(Beginning of Raw data)

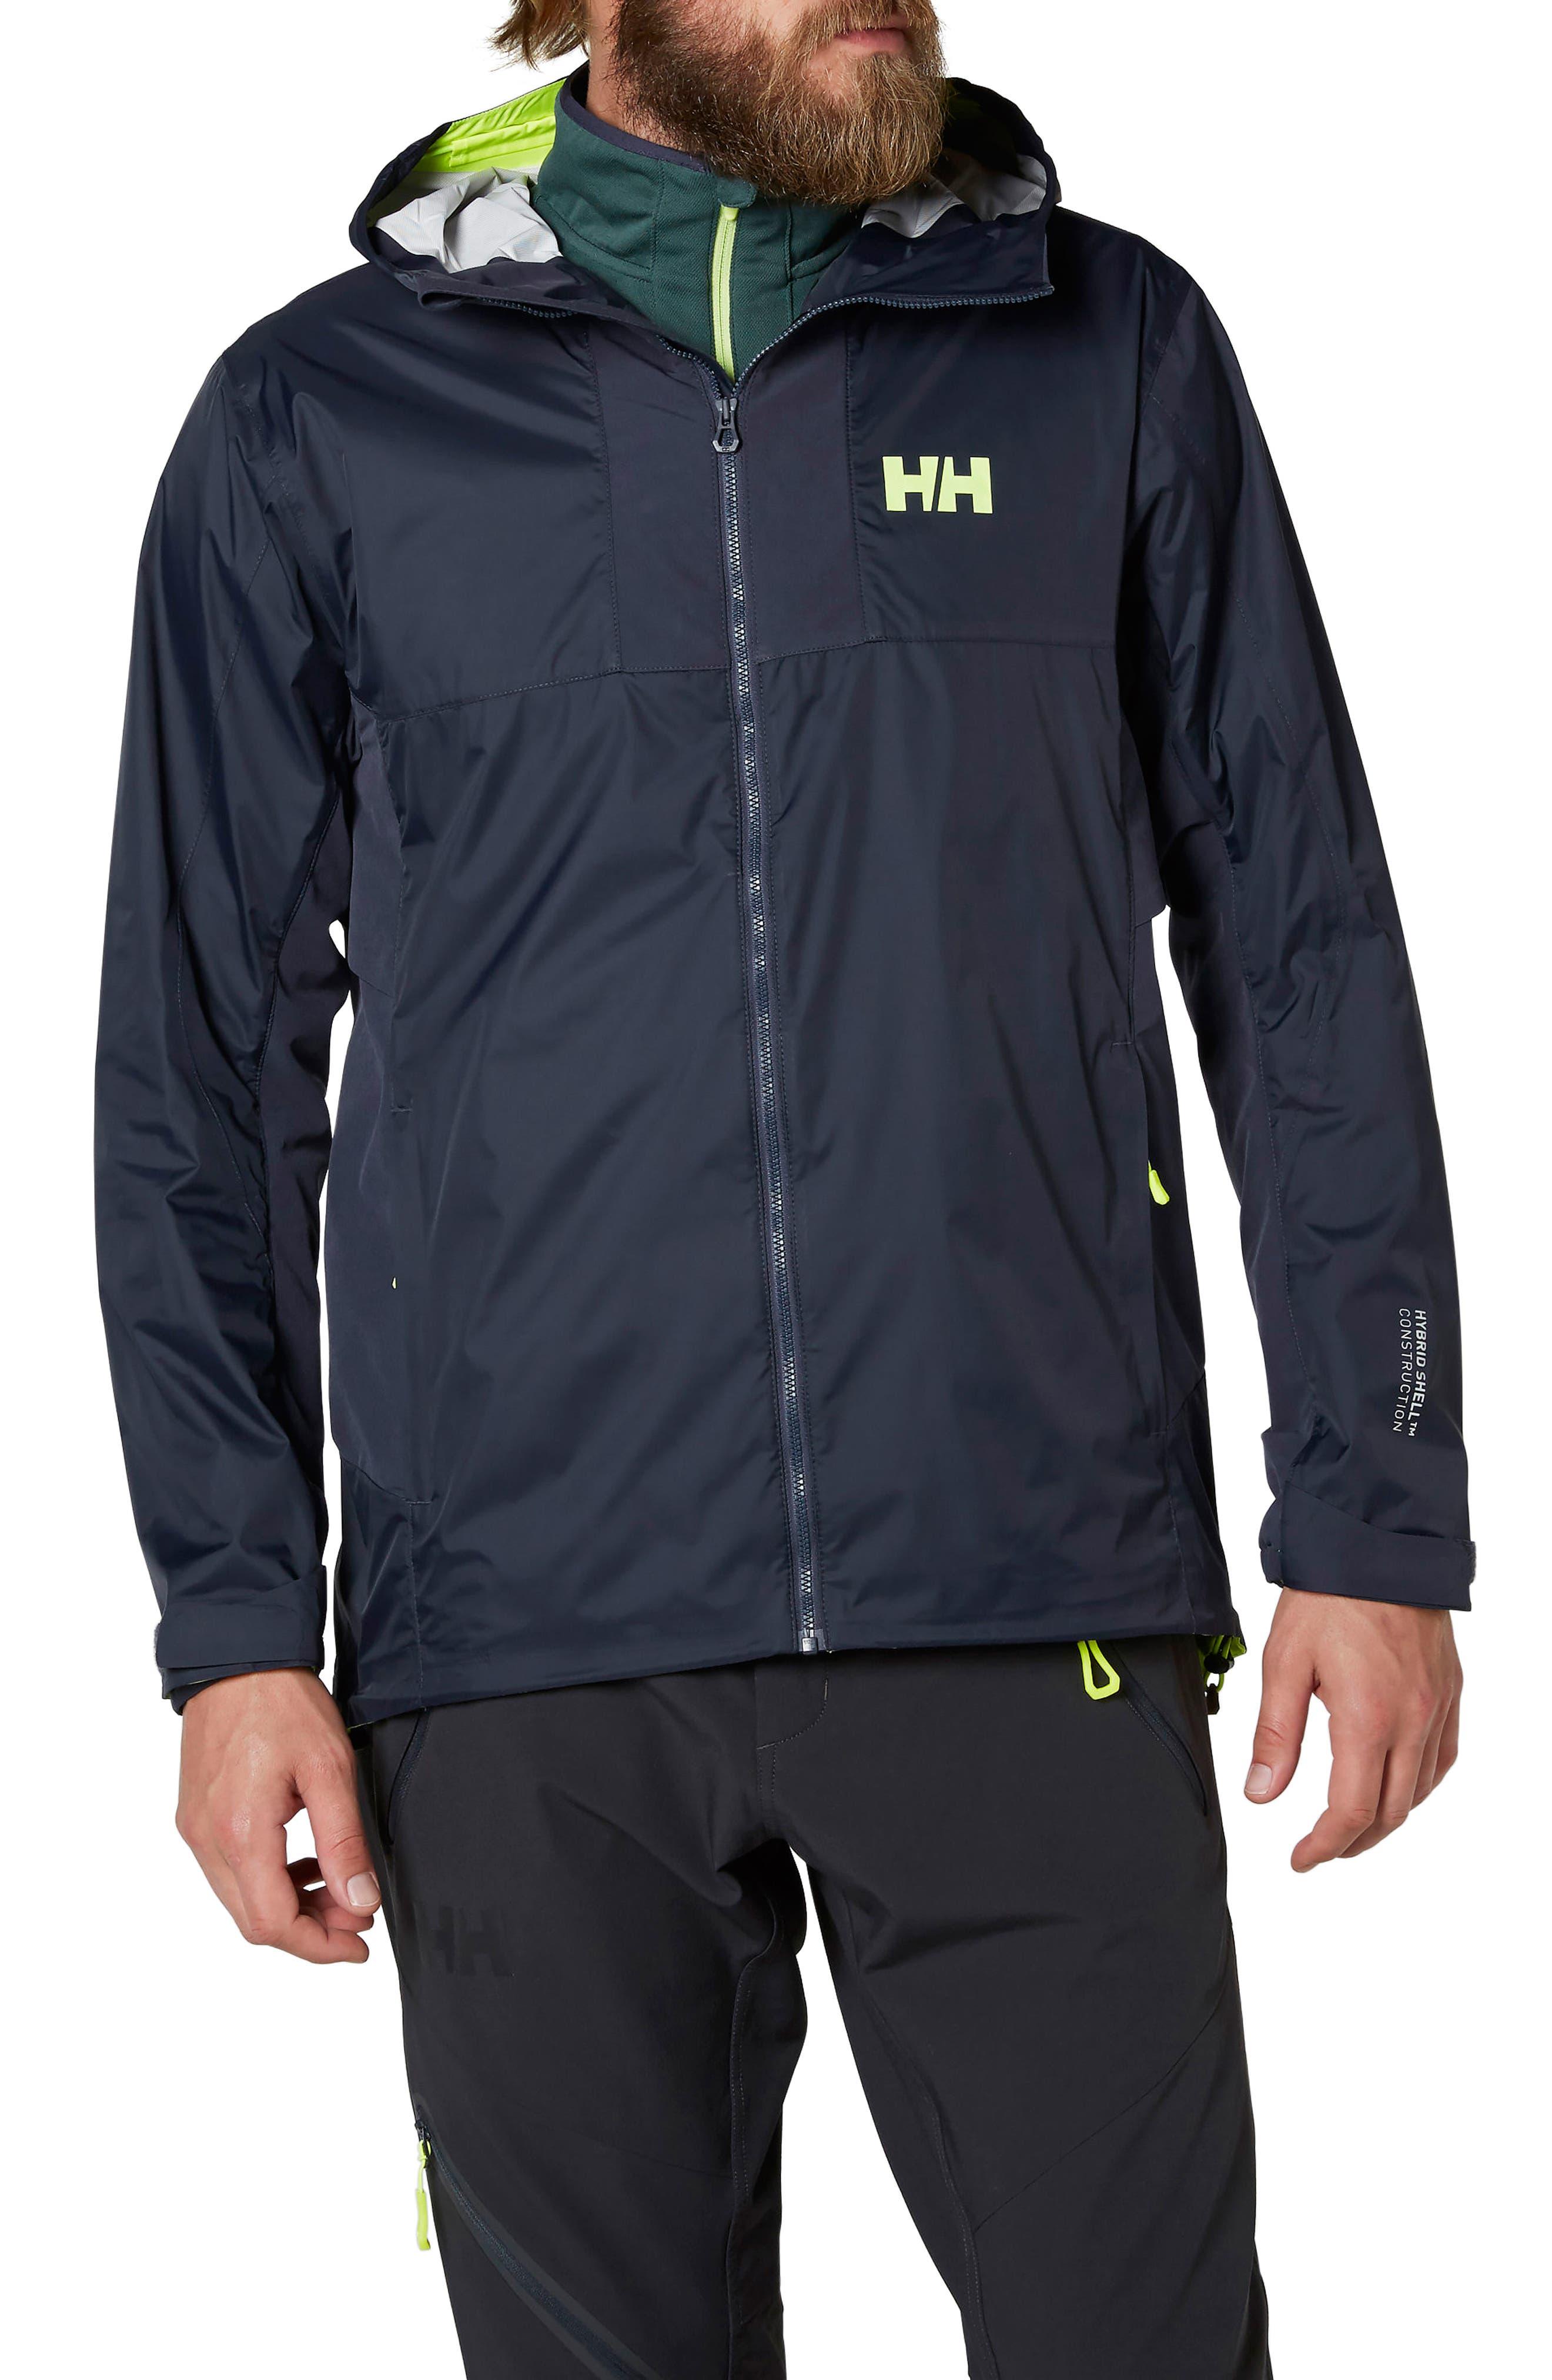 Vanir Logr Regular Fit Waterproof Jacket,                         Main,                         color, Graphite Blue
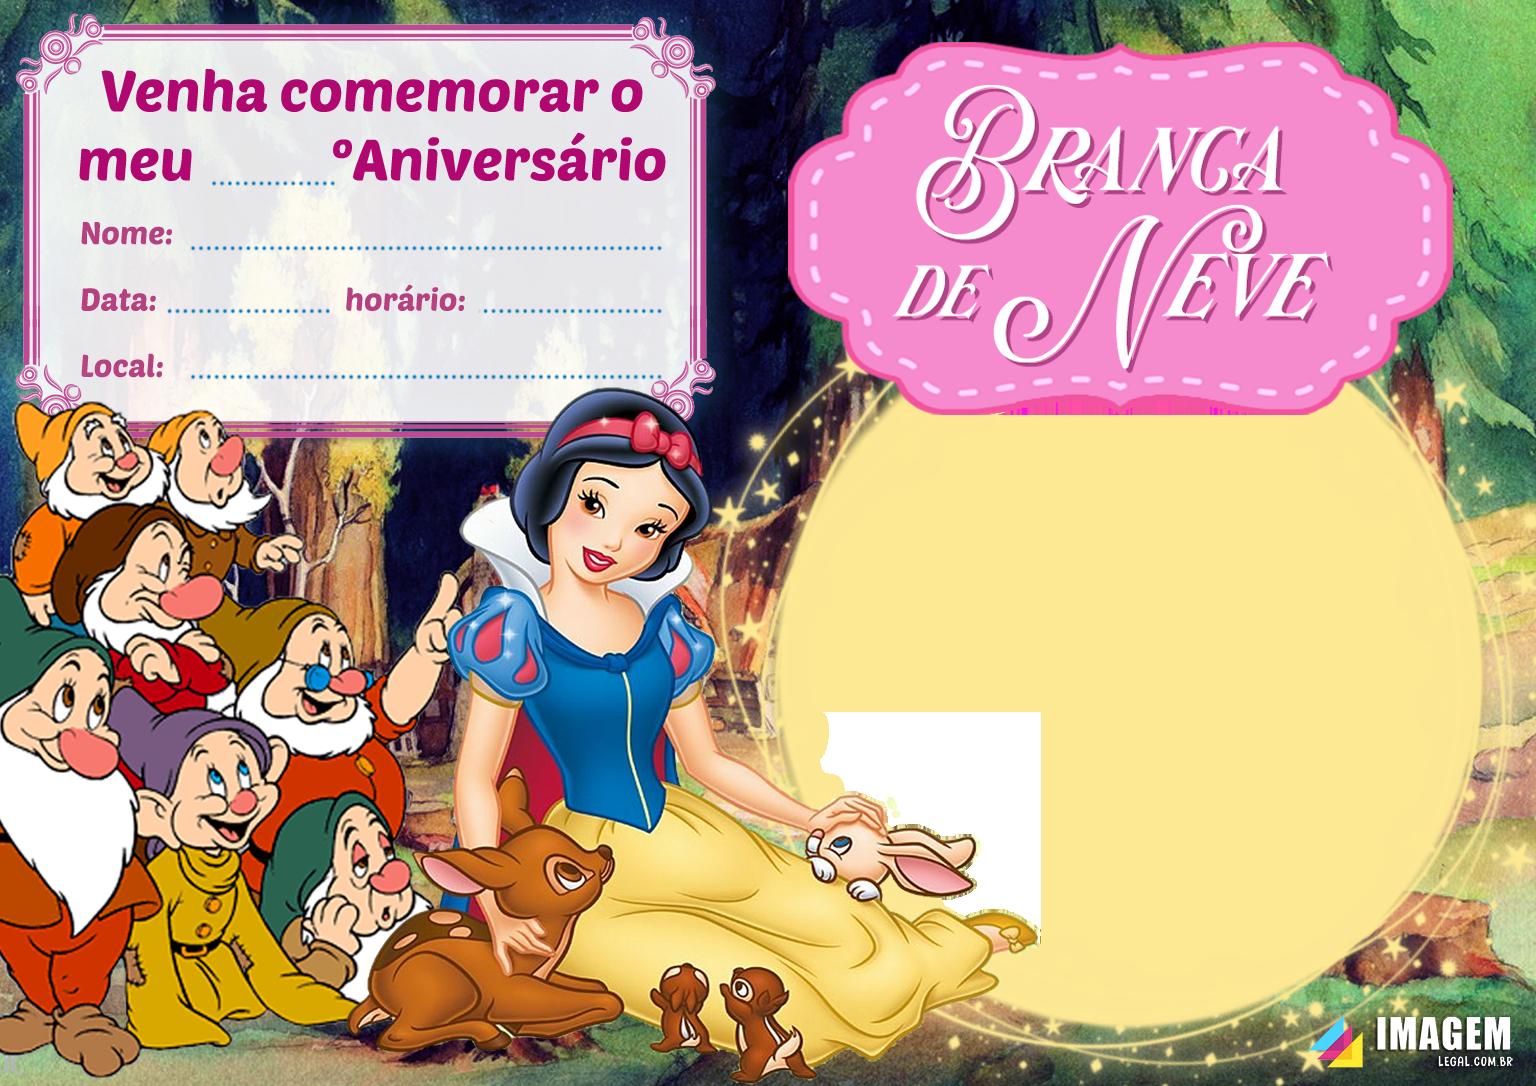 Convite De Aniversario Da Branca De Neve Imagem Legal
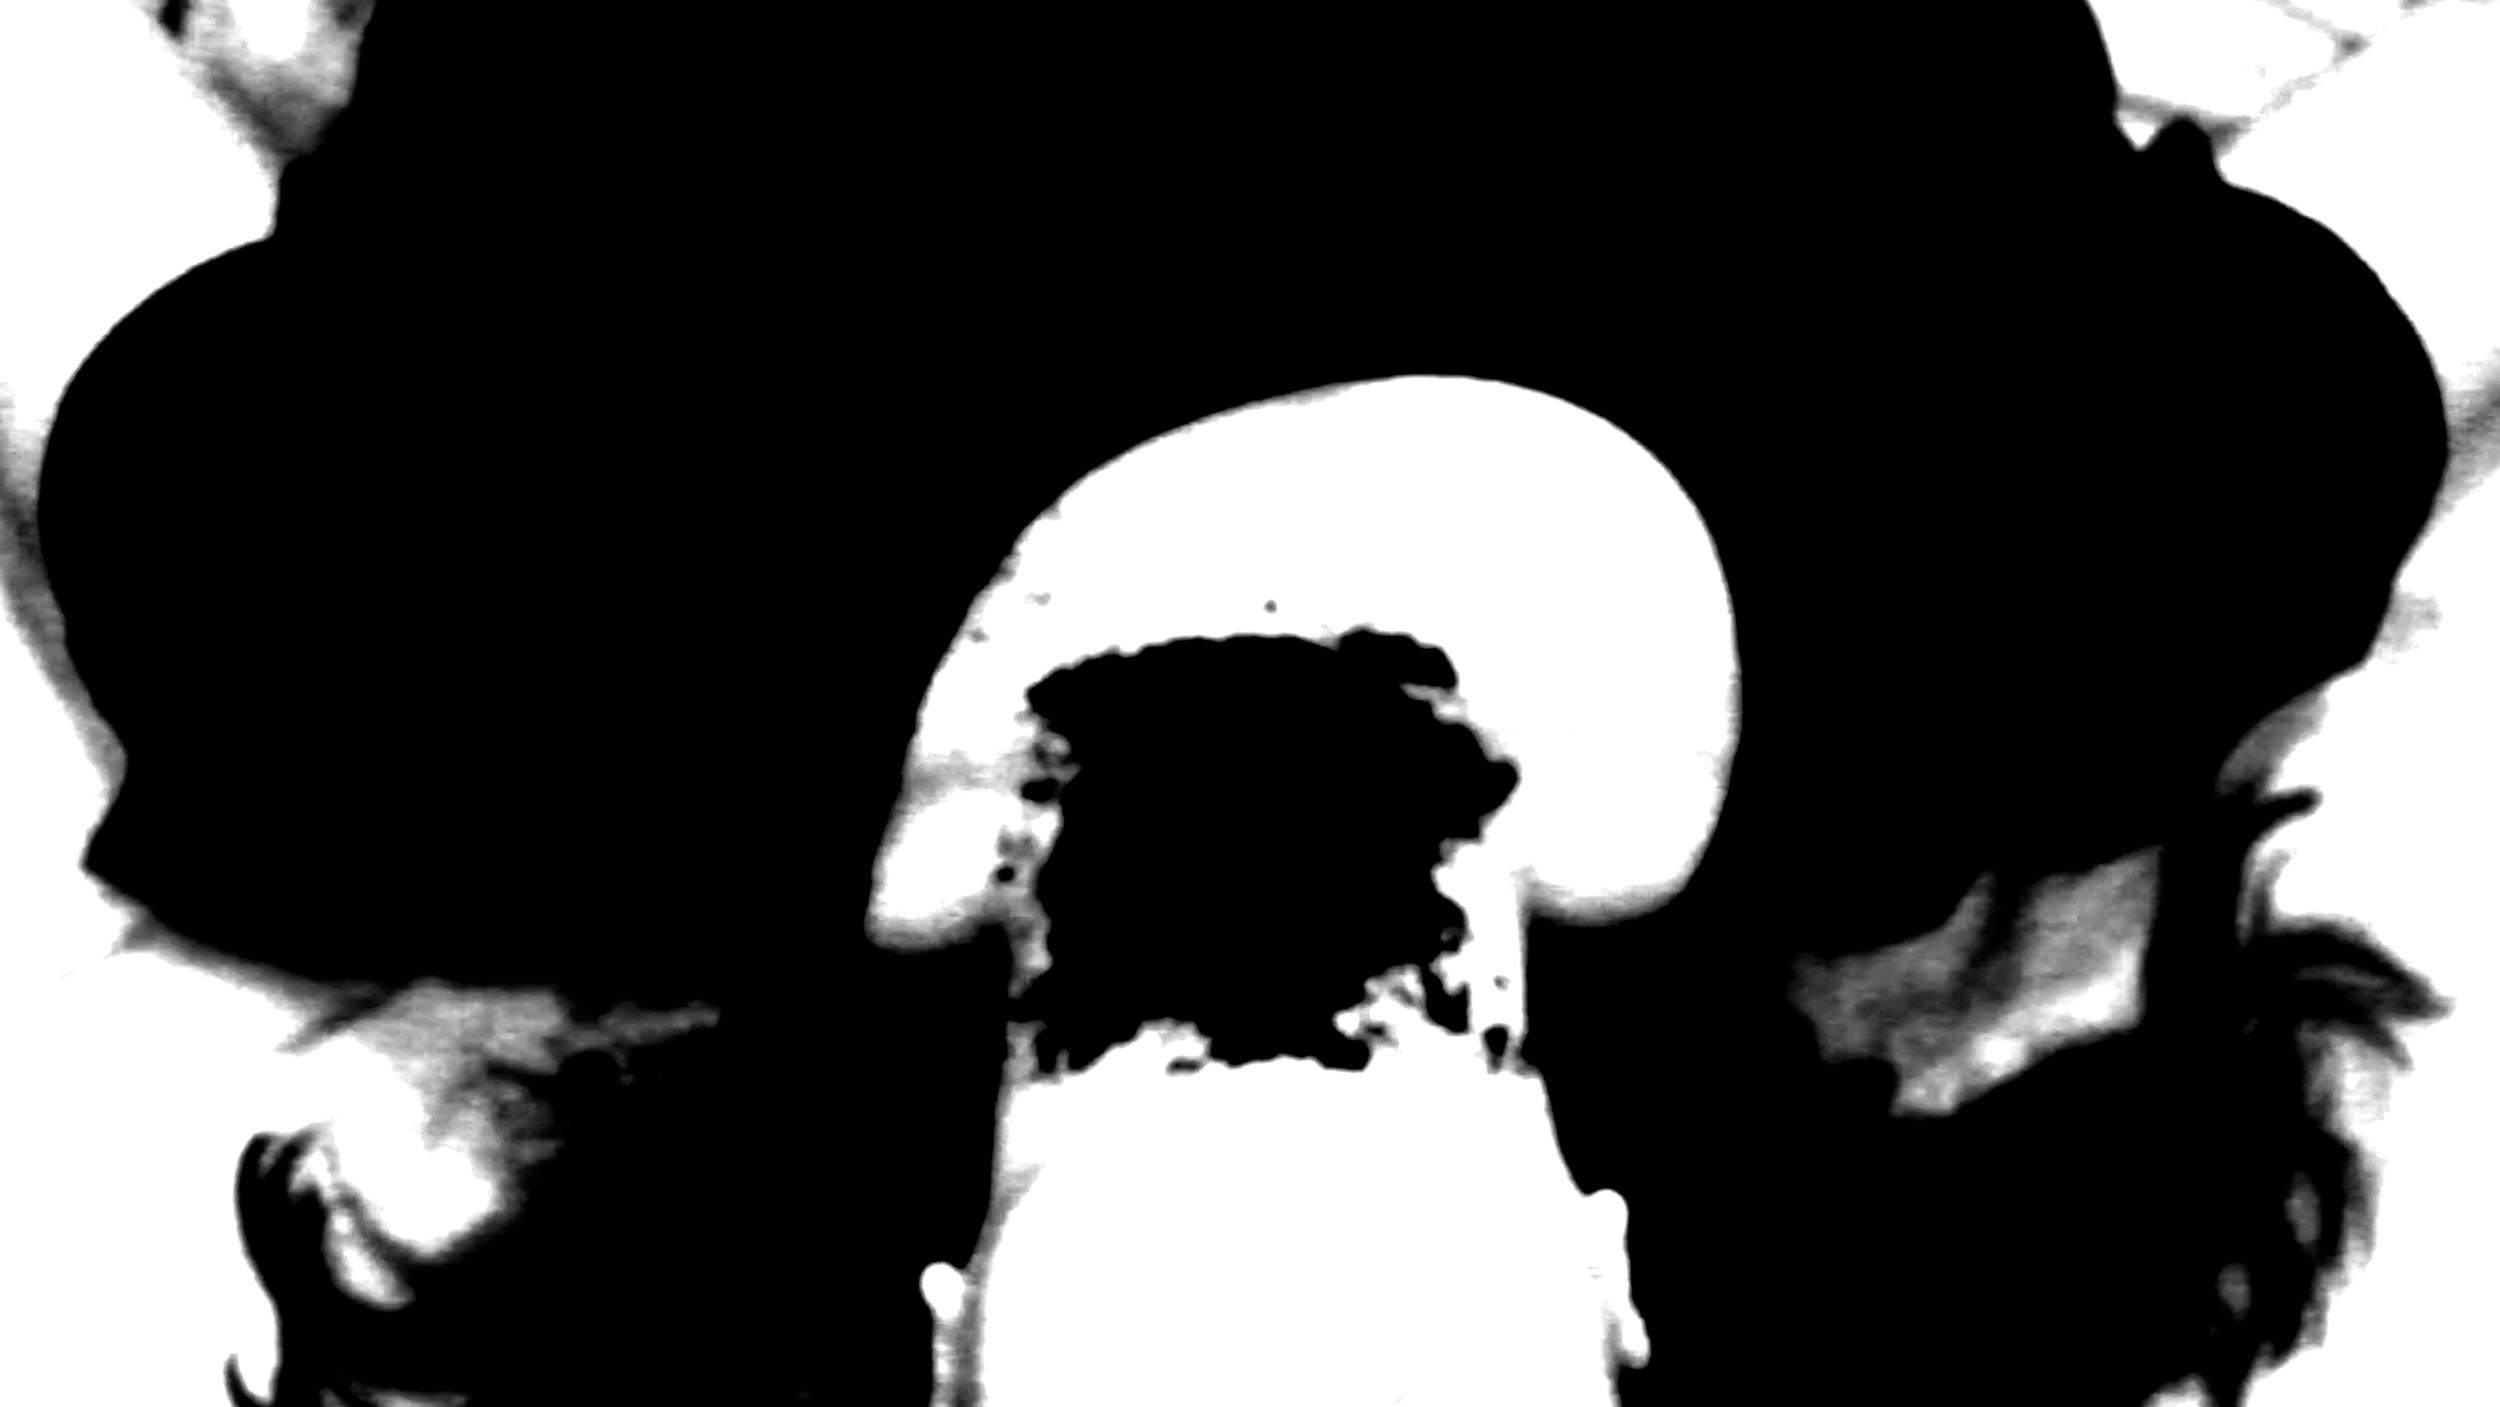 Untitled (throat), 2013

(End of Raw data)

### What the task requires
Line for line, restate the data above and omit every picture.

### Result for this exercise
 Vanir Logr Regular Fit Waterproof Jacket,                         Main,                         color, Graphite Blue
 Convite De Aniversario Da Branca De Neve Imagem Legal
 Untitled (throat), 2013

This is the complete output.